**Data section**
------------------------------------------------

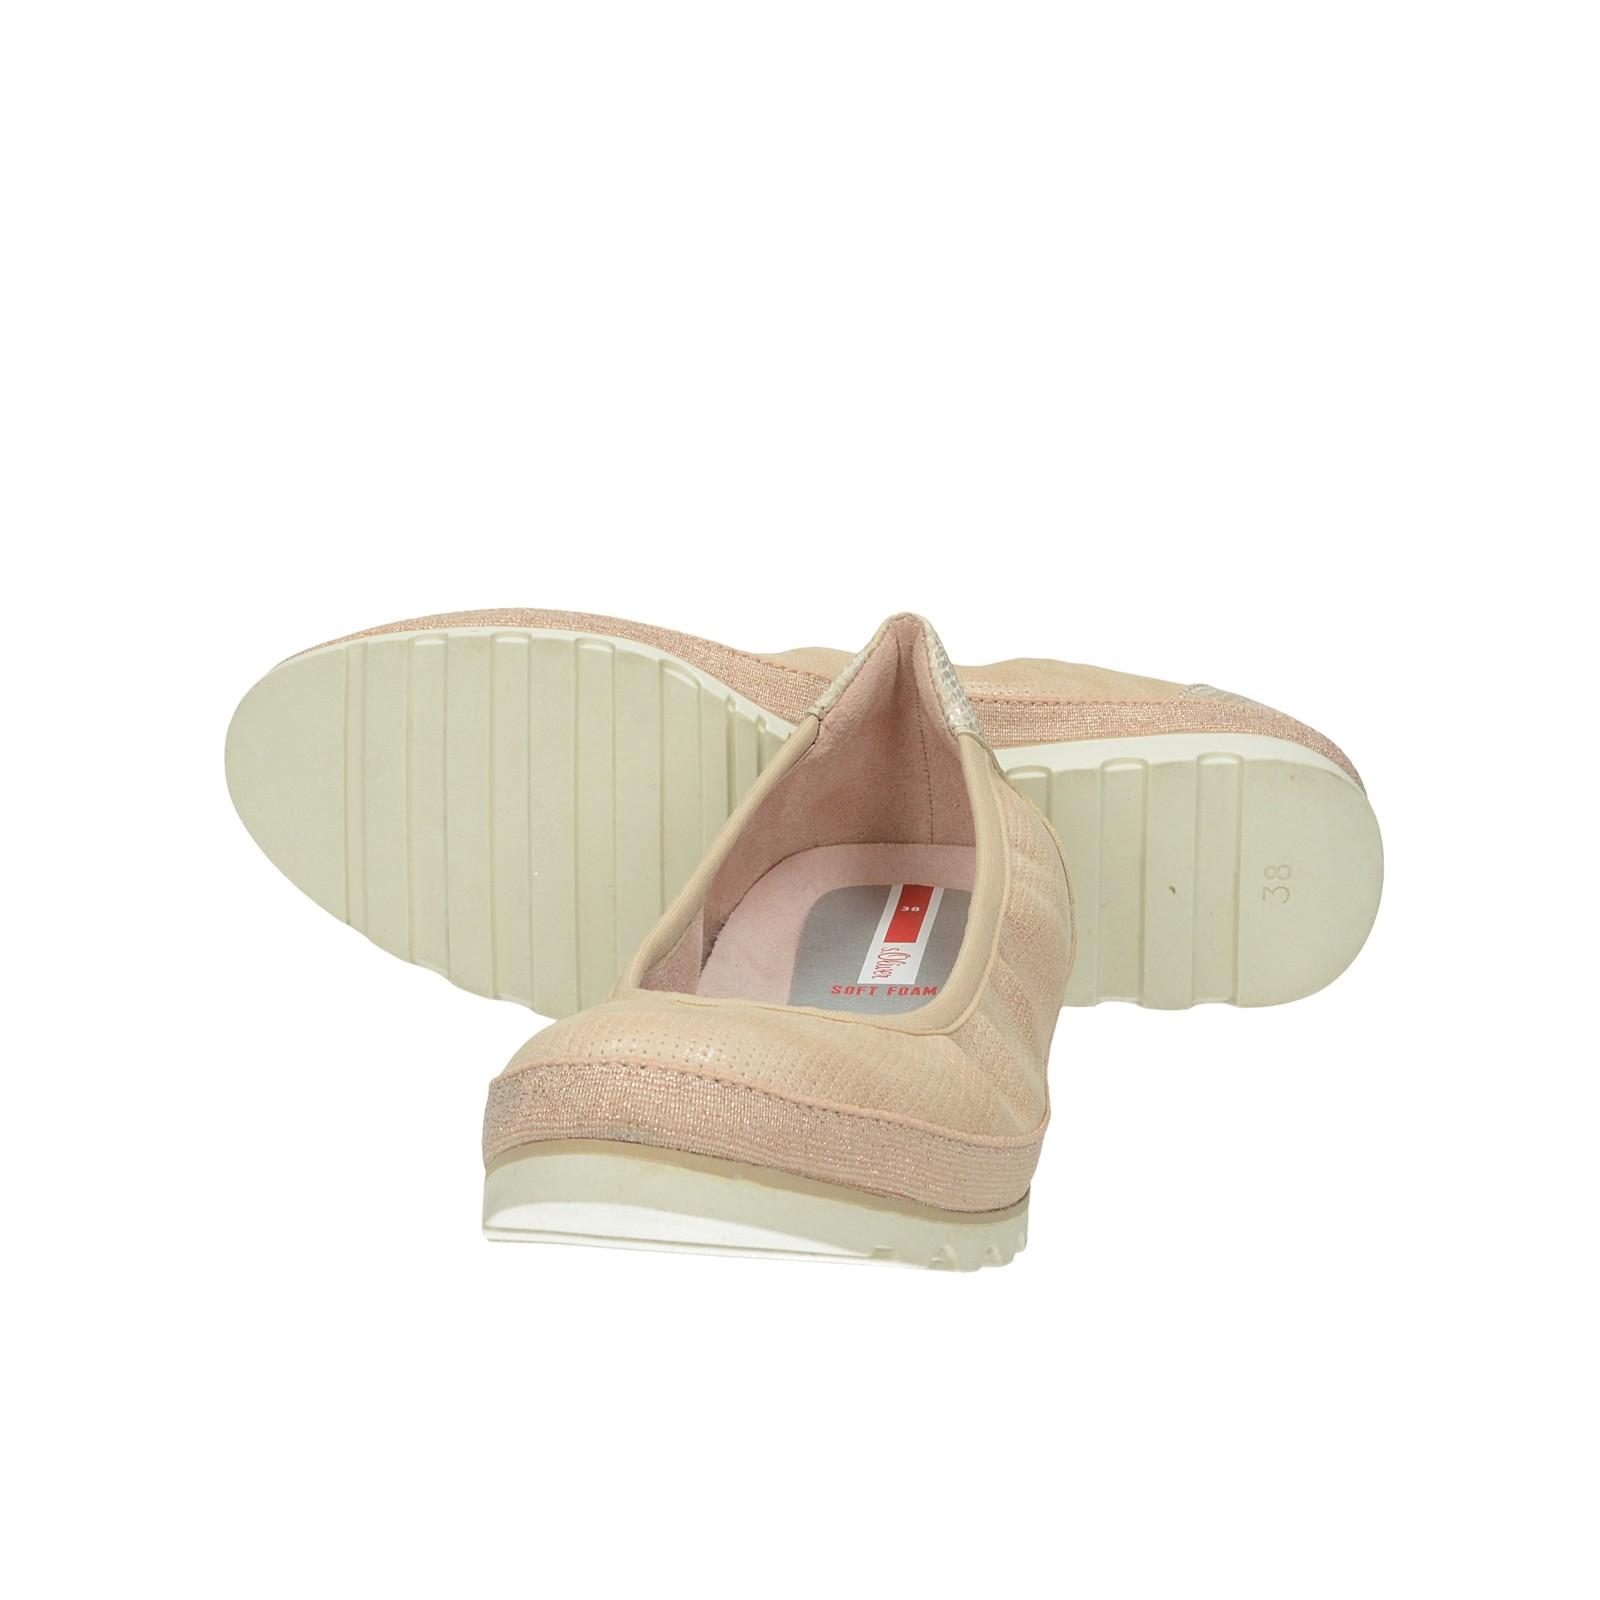 s.Oliver dámské stylové balerínky - růžové
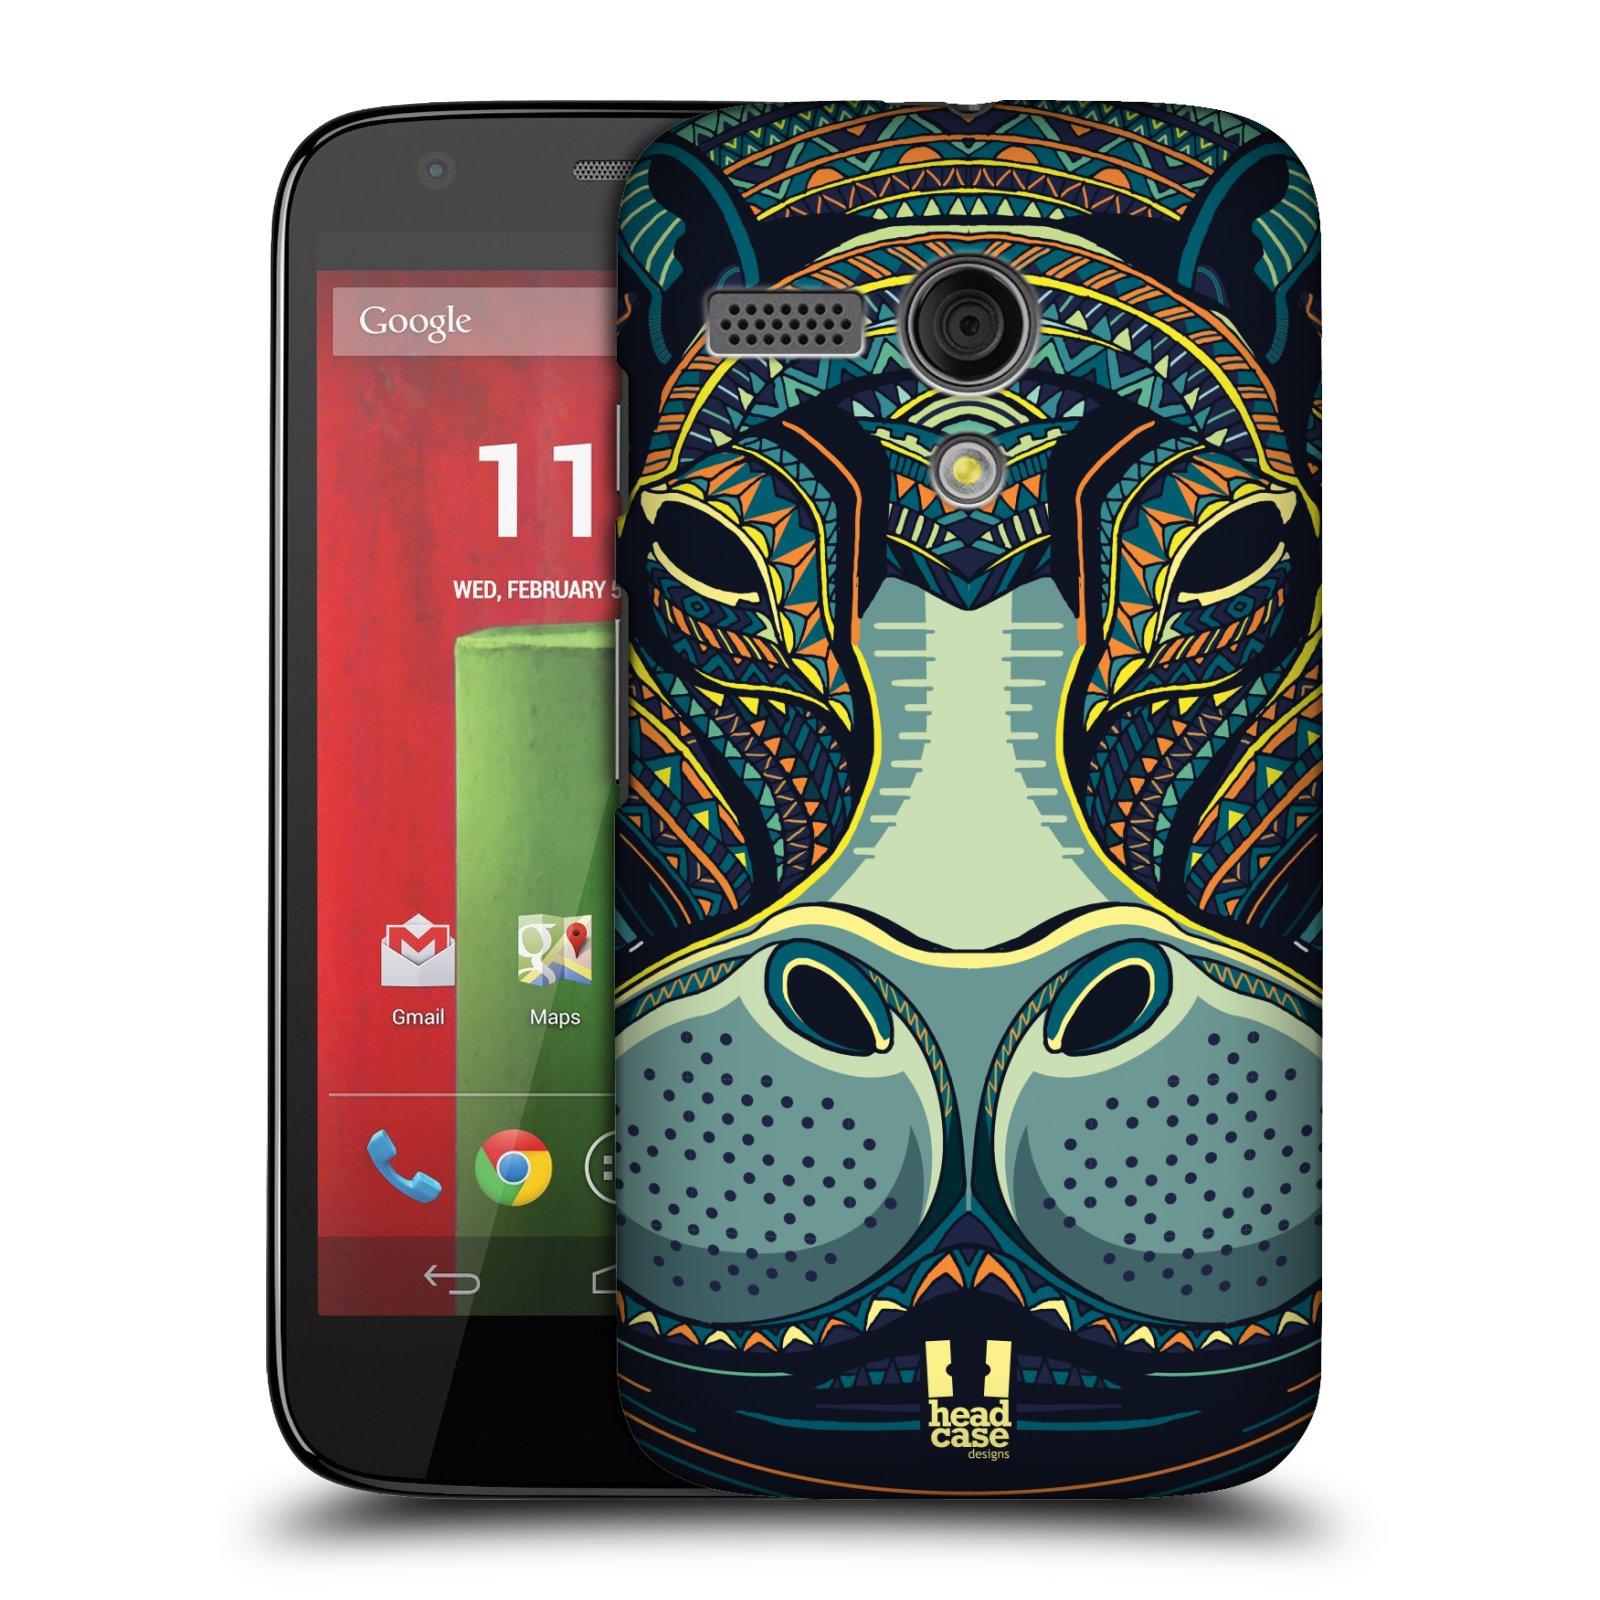 Plastové pouzdro na mobil Motorola Moto G HEAD CASE AZTEC HROCH (Kryt či obal na mobilní telefon Motorola Moto G)
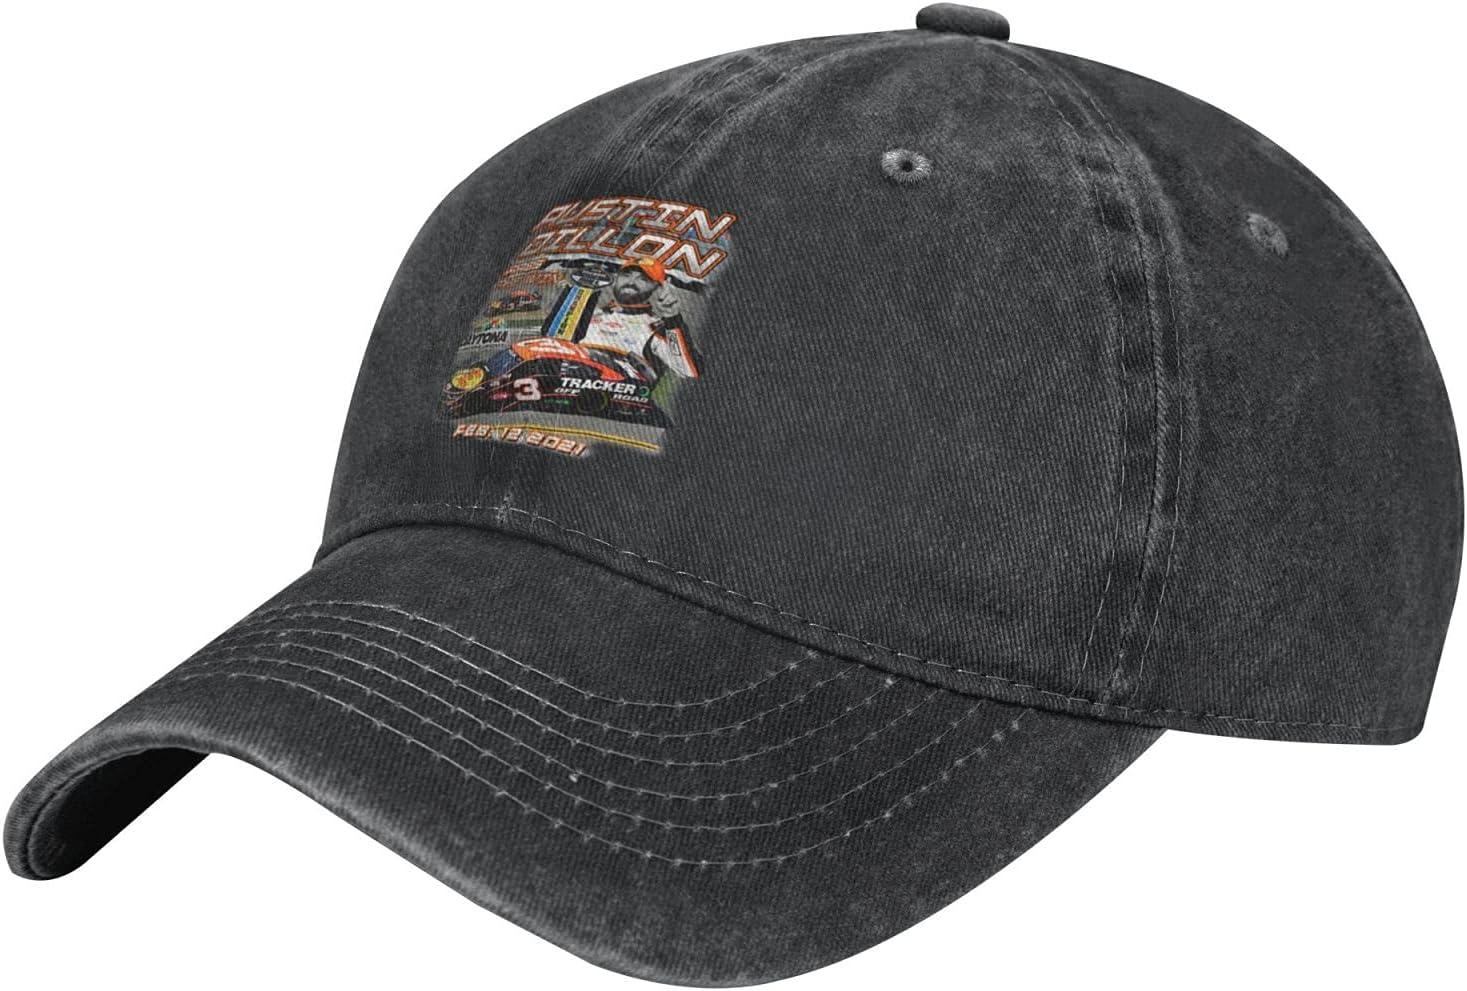 GAiNViEW Austin Dillon 2021 Denim Cap Adjustable Plain Baseball Cowboy Hat Cotton Sunbonnet Plain Hat Black

------------------------------------------------

**Problem description**
The answer is the listing above restated word for word, pictures removed.

**Written answer**
 s.Oliver dámské stylové balerínky - růžové
 Plastové pouzdro na mobil Motorola Moto G HEAD CASE AZTEC HROCH (Kryt či obal na mobilní telefon Motorola Moto G)
 GAiNViEW Austin Dillon 2021 Denim Cap Adjustable Plain Baseball Cowboy Hat Cotton Sunbonnet Plain Hat Black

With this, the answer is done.